Fitzgerald did not begin writing until nearly 60, so part of this book is inevitably the story of domesticity gone awry. The bonus is brilliant social history, and more: Lee catches not only the tempo of each decade, but how values from Fitzgerald’s past constantly inform her present. “When I was young I took my father and my three uncles for granted, and it never occurred to me that everyone else wasn’t like them. Later on, I found that this was a mistake, but I’ve never quite managed to adapt myself to it. I still think they were right, and insofar as the world disagrees with them, I disagree with the world.”

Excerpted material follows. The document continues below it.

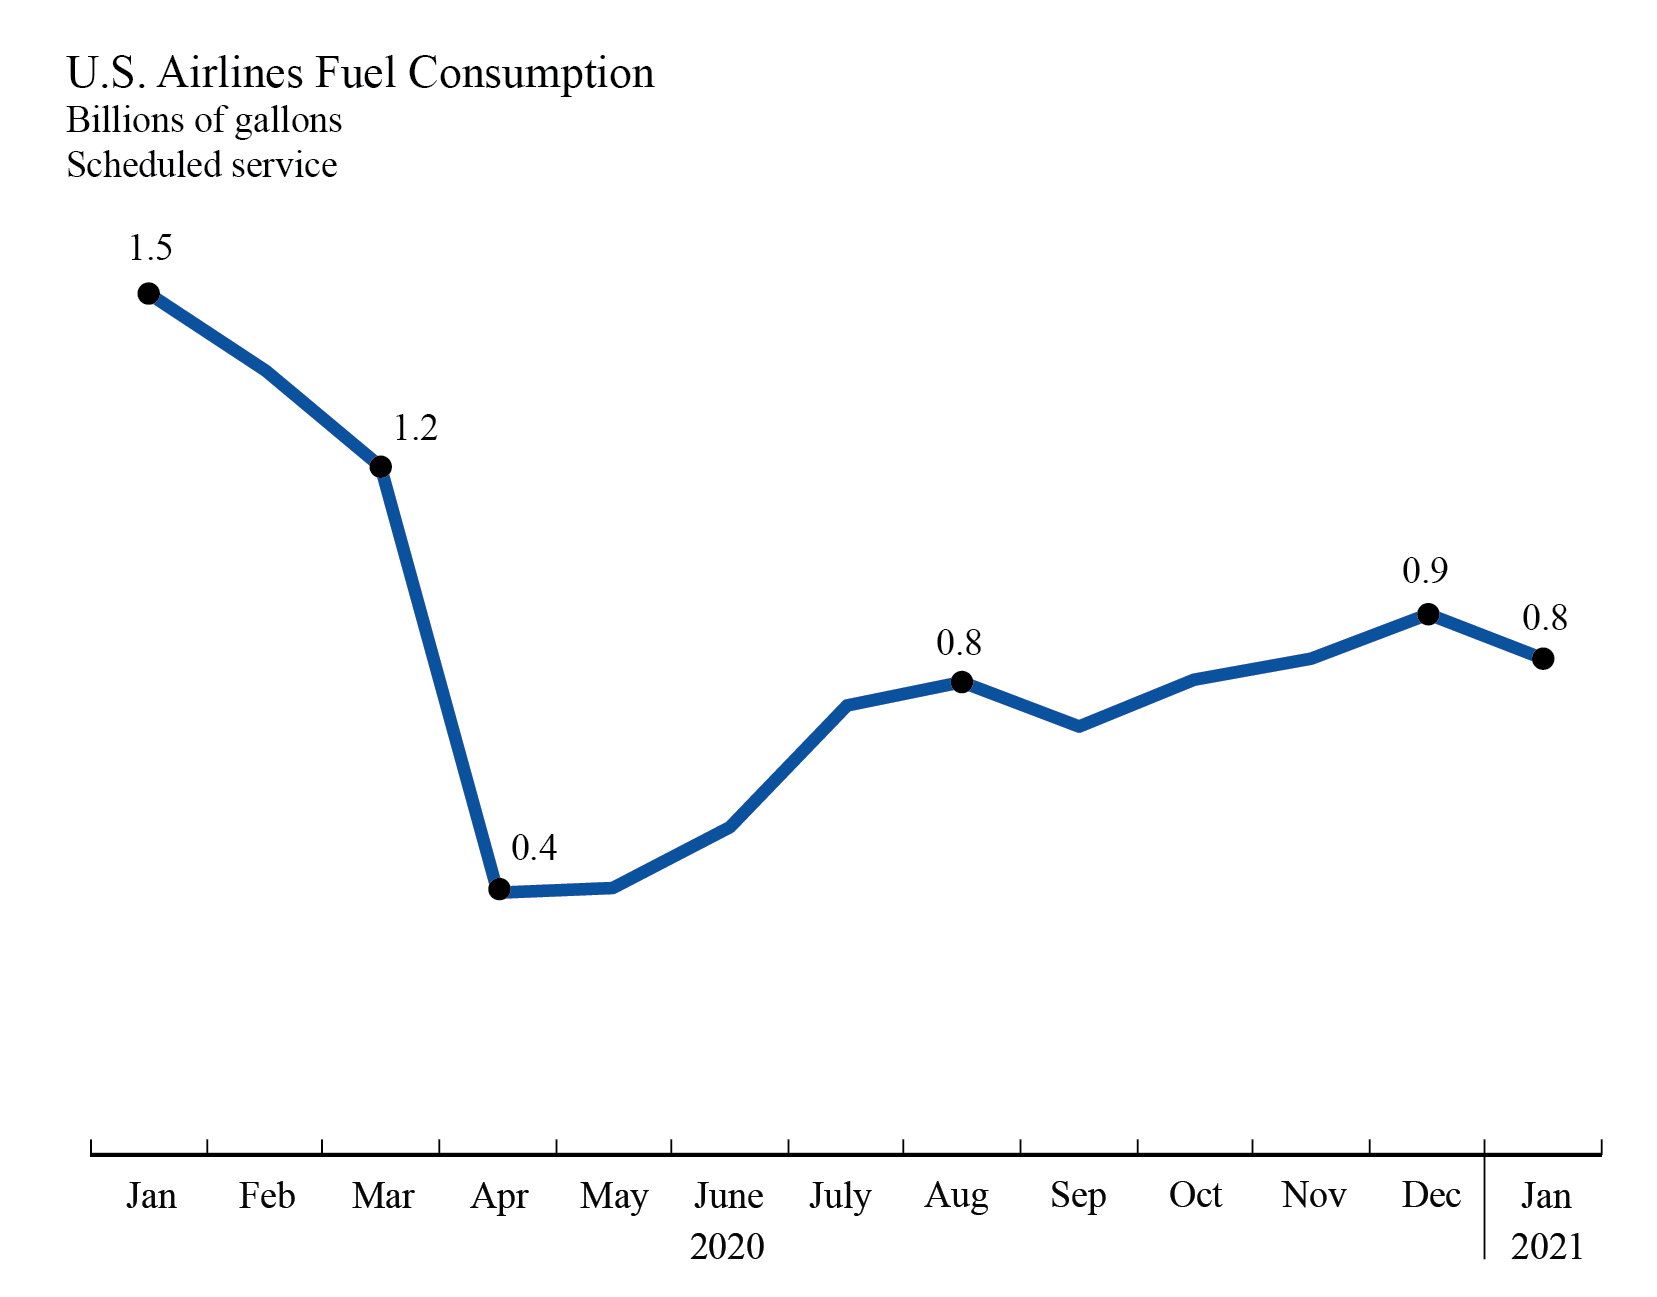 Jan 2021 Fuel Consumption

This is classic Fitzgerald: confession of weakness masks refusal to compromise. Her self-belief was always there. In 1976, she wrote a comedy to amuse Desmond, who was ill with cancer. Heartbreakingly, Lee suggests, it was not until she was “given permission by Desmond’s death” that she recycled trauma as fiction: Southwold in The Bookshop (1978), the houseboat in Offshore (1979), which won the Booker Prize. Increasingly lauded, she still wore no make-up, carried plastic bags and maintained a style so unworldly that when she visited grandee novelist Anthony Powell, the taxi driver mistook her for a servant.

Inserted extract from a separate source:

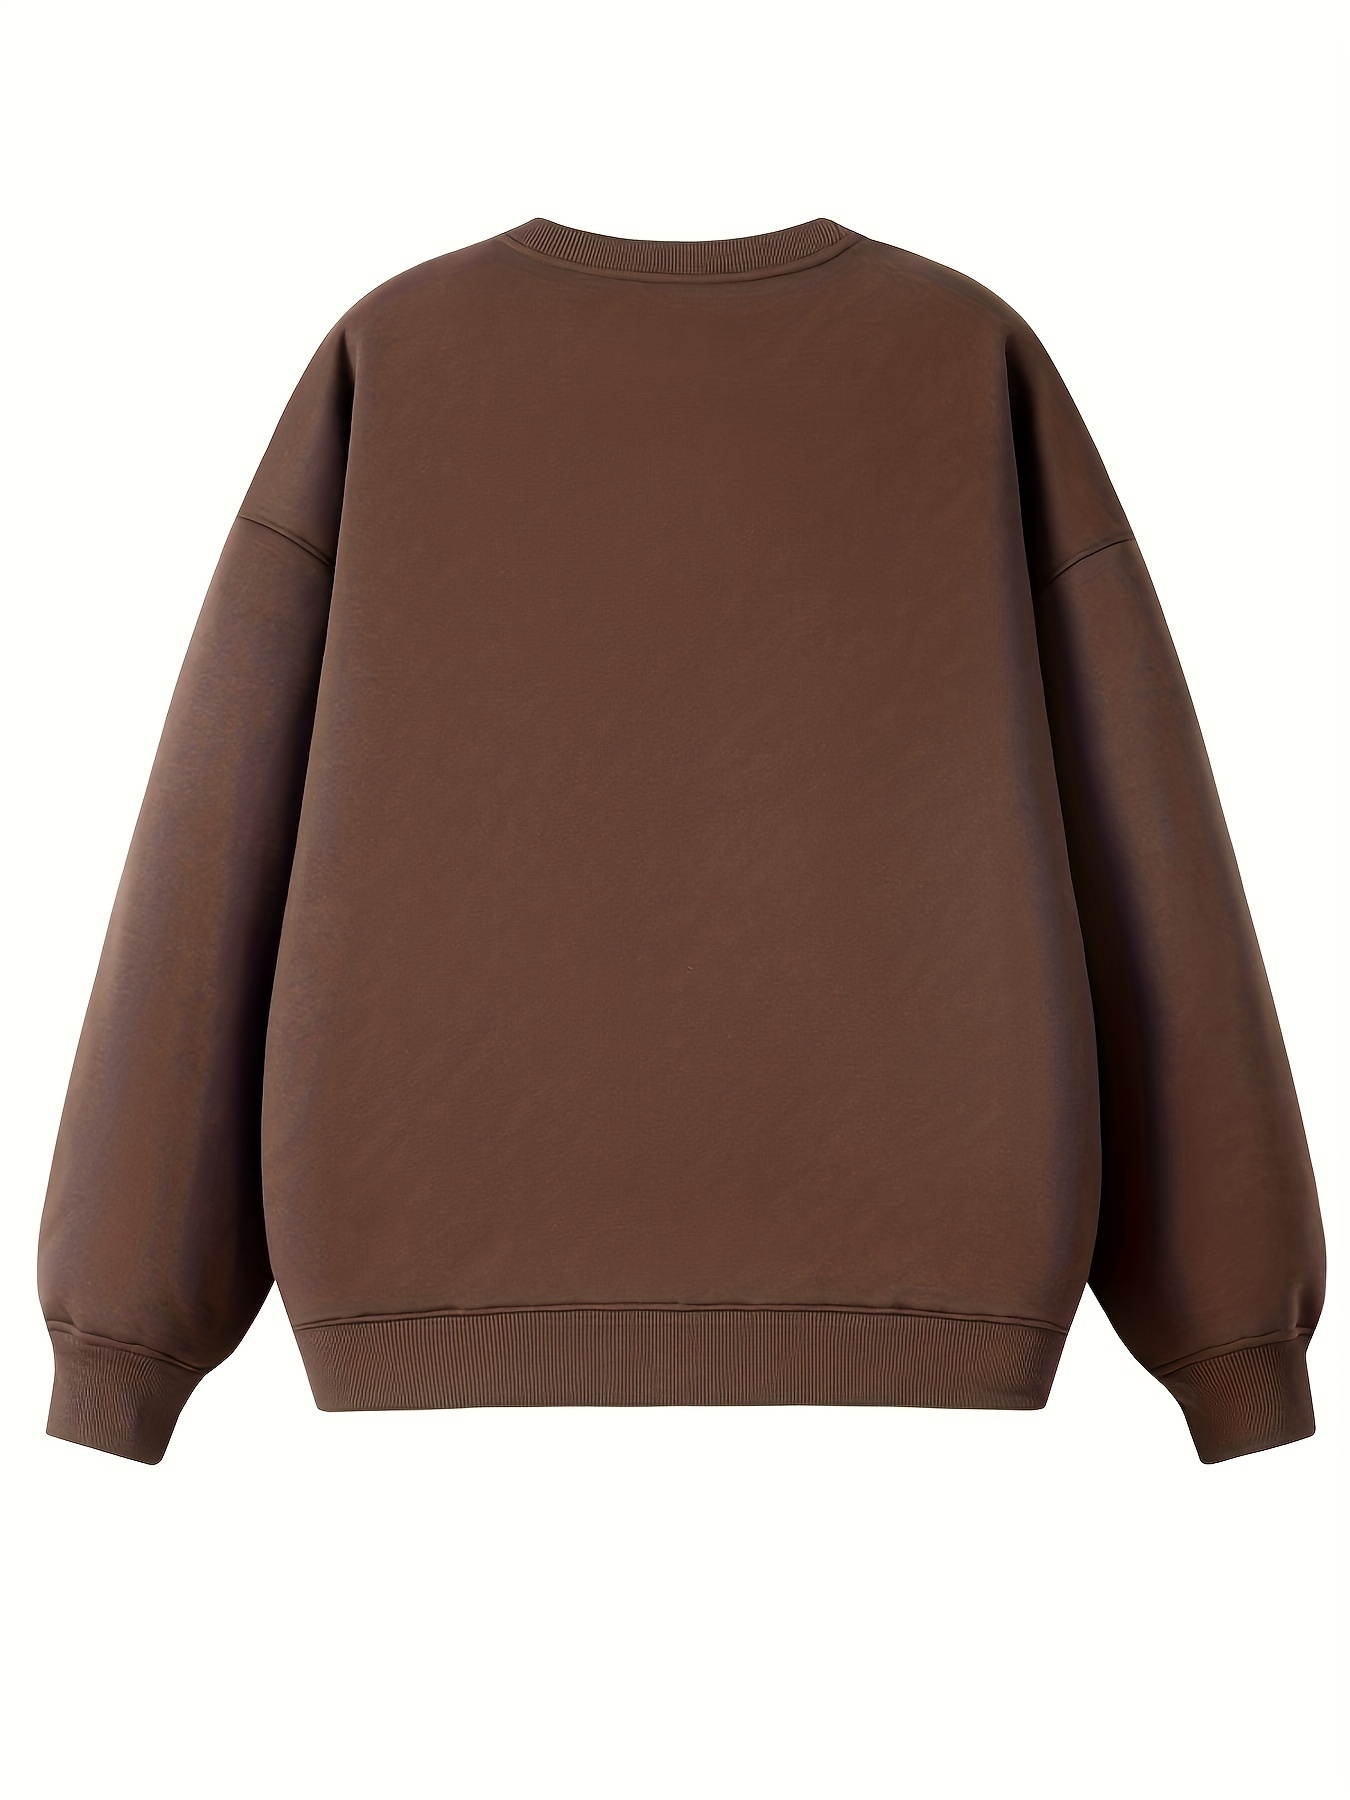 Brown Crewneck Sweatshirts for Men

“She does not think people get what they deserve in this world, but she thinks this is not the only world there is,” says Lee. Was innocence, leitmotif of the late quartet of historical novels, the core of Fitzgerald’s being, or another canny persona? Like many near-mystics, she was fascinated by childhood – philosophising Bernhard in The Blue Flower is among many entrancing, individualised child characters. She was wrapped up in her own children, yet did not kiss or cuddle them, and was so competitive that she cheated while playing the board game Lotto with a three-year-old grandson. Many pupils remember her kindness but others called her a hedgehog – sweet-looking but spiky. AS Byatt, one-time fellow tutor, says she was “not a nice person. Geniuses are not nice people.”

Lee’s nuanced portrait lets us see all these aspects, and the paradox by which Fitzgerald’s steely Victorian seriousness, honed by life’s disappointments, fuelled ambivalent, spare, fragmented, modernist novels. From them, Fitzgerald speaks of “the courage of those who are born to be defeated, the weaknesses of the strong, and the tragedy of misunderstanding and missed opportunities” – which, she adds, “I have done my best to treat as comedy, for otherwise how can we manage to bear it?”